■ EXERCISE AIM
Where the data below contains pictures, omit them; output the rest word for word.

*** DATA SHOWN Section Begins ***

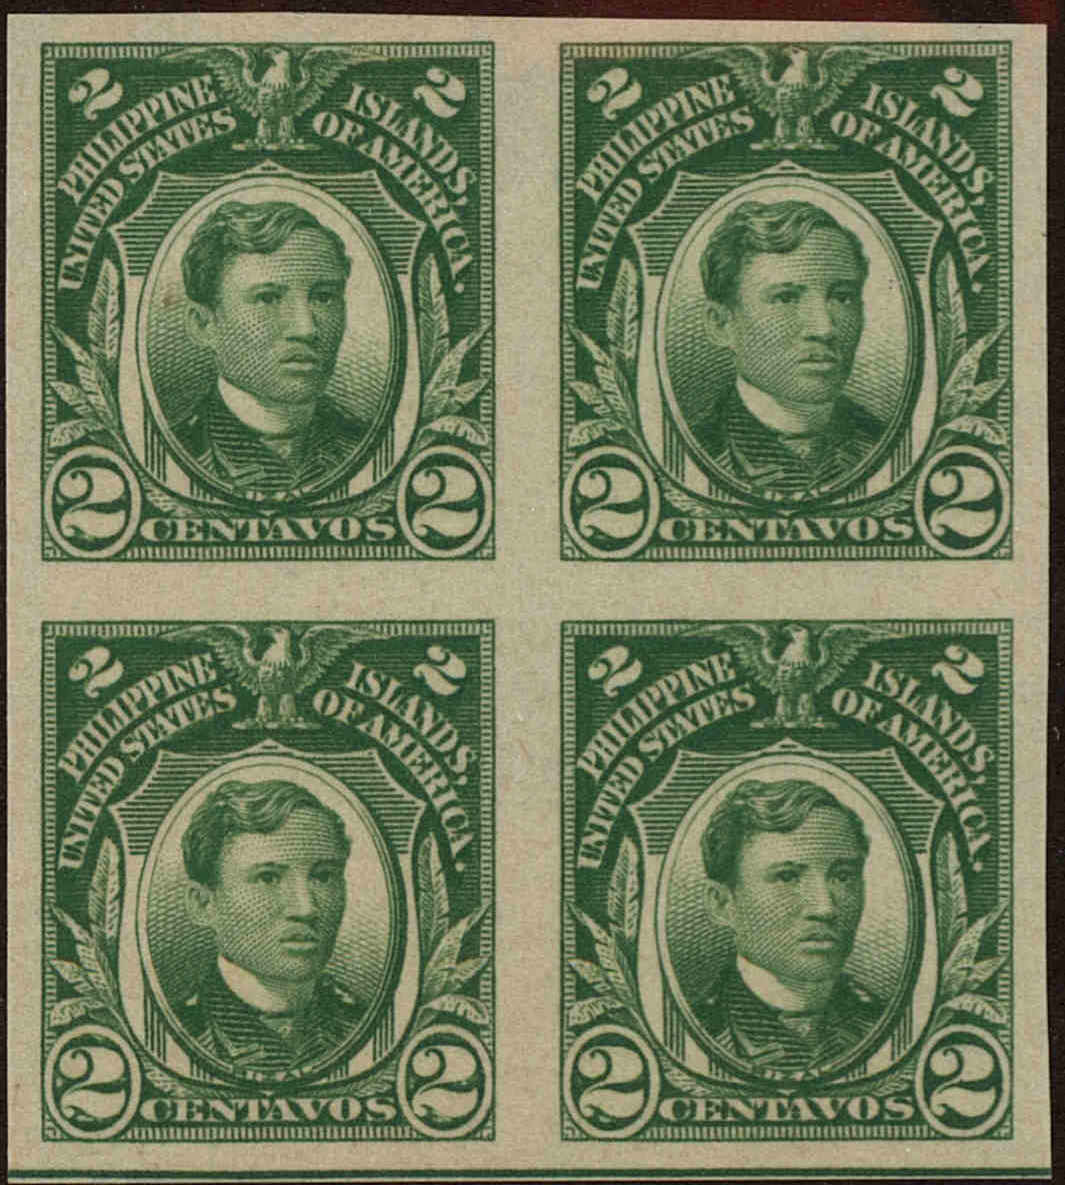 Front view of Philippines (US) 340 collectors stamp
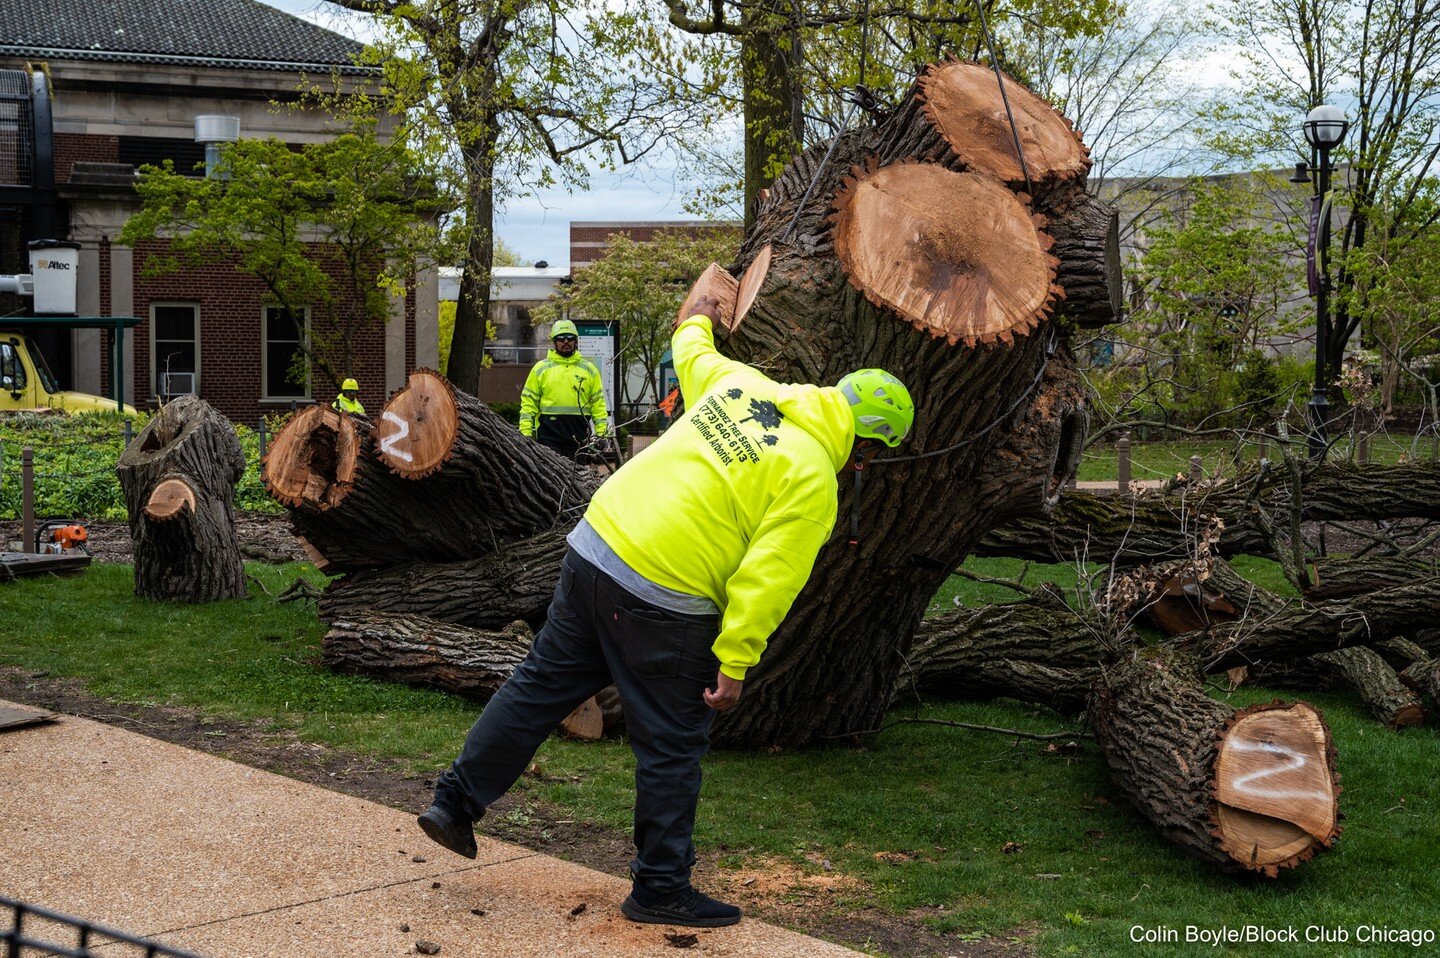 &quot;LINCOLN PARK &mdash; With help from a massive crane, chainsaw-wielding crews took down one of Chicago&rsquo;s oldest trees Tuesday at Lincoln Park Zoo.

At 70 feet tall, the bur oak tree is estimated to be 250-300 years old and believed to pred

*** DATA SHOWN Section Ends ***

■ SOLVED EXERCISE
 Front view of Philippines (US) 340 collectors stamp
 &quot;LINCOLN PARK &mdash; With help from a massive crane, chainsaw-wielding crews took down one of Chicago&rsquo;s oldest trees Tuesday at Lincoln Park Zoo.

At 70 feet tall, the bur oak tree is estimated to be 250-300 years old and believed to pred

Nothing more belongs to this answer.